Data for this task:
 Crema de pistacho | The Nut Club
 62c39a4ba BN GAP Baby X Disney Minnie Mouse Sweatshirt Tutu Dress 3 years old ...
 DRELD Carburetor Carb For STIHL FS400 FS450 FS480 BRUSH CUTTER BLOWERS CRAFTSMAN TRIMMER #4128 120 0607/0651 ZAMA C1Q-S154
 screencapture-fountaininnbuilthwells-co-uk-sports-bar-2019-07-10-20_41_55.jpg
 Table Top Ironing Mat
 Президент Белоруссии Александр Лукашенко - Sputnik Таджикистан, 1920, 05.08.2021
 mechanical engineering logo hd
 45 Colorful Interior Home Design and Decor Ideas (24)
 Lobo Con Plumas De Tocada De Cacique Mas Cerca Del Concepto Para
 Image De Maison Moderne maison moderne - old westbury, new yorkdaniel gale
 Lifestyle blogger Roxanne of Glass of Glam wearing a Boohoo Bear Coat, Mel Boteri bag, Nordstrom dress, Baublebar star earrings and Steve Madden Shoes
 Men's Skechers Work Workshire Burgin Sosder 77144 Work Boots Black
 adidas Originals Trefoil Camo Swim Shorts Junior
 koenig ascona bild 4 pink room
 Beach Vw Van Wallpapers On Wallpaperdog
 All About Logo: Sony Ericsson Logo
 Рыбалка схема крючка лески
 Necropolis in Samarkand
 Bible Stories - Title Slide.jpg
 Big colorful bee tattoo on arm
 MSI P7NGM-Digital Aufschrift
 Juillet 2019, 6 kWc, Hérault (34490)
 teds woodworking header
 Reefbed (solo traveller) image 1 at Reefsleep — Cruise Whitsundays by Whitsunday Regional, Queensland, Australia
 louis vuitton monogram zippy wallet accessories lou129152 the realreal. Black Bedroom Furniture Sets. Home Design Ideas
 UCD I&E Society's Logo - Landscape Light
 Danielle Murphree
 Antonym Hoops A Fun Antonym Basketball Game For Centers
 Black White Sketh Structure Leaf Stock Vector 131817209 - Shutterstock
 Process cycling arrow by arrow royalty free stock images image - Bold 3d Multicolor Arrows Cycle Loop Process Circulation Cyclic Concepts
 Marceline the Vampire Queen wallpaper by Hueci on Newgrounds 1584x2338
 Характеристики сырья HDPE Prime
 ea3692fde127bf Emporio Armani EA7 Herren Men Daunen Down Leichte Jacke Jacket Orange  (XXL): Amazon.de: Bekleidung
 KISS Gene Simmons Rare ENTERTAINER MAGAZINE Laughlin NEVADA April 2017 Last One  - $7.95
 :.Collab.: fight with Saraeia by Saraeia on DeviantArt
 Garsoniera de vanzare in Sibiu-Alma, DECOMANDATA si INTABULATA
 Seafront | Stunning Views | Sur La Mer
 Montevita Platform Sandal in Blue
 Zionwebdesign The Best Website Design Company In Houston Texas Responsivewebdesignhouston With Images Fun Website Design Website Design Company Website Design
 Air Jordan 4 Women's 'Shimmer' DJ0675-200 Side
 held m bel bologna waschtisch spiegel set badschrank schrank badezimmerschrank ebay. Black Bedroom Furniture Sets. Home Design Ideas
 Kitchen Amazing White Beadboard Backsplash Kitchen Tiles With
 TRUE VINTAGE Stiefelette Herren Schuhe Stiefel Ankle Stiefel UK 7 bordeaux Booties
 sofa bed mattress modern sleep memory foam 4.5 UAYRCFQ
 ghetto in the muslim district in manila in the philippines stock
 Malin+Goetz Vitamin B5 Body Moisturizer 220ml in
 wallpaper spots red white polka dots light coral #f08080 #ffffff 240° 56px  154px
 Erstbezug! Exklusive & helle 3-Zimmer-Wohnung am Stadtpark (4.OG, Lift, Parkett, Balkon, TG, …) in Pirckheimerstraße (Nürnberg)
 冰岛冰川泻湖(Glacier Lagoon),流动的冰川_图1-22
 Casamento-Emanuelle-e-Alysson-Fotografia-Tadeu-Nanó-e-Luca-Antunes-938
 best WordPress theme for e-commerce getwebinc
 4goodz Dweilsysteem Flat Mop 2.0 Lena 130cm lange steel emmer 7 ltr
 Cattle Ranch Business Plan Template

Exercise directions:
Find "Danielle Murphree" in the entries above and copy that whole line exactly, then each line after it through the line that contains "ea3692fde127bf Emporio Armani".

Task solution:
 Danielle Murphree
 Antonym Hoops A Fun Antonym Basketball Game For Centers
 Black White Sketh Structure Leaf Stock Vector 131817209 - Shutterstock
 Process cycling arrow by arrow royalty free stock images image - Bold 3d Multicolor Arrows Cycle Loop Process Circulation Cyclic Concepts
 Marceline the Vampire Queen wallpaper by Hueci on Newgrounds 1584x2338
 Характеристики сырья HDPE Prime
 ea3692fde127bf Emporio Armani EA7 Herren Men Daunen Down Leichte Jacke Jacket Orange  (XXL): Amazon.de: Bekleidung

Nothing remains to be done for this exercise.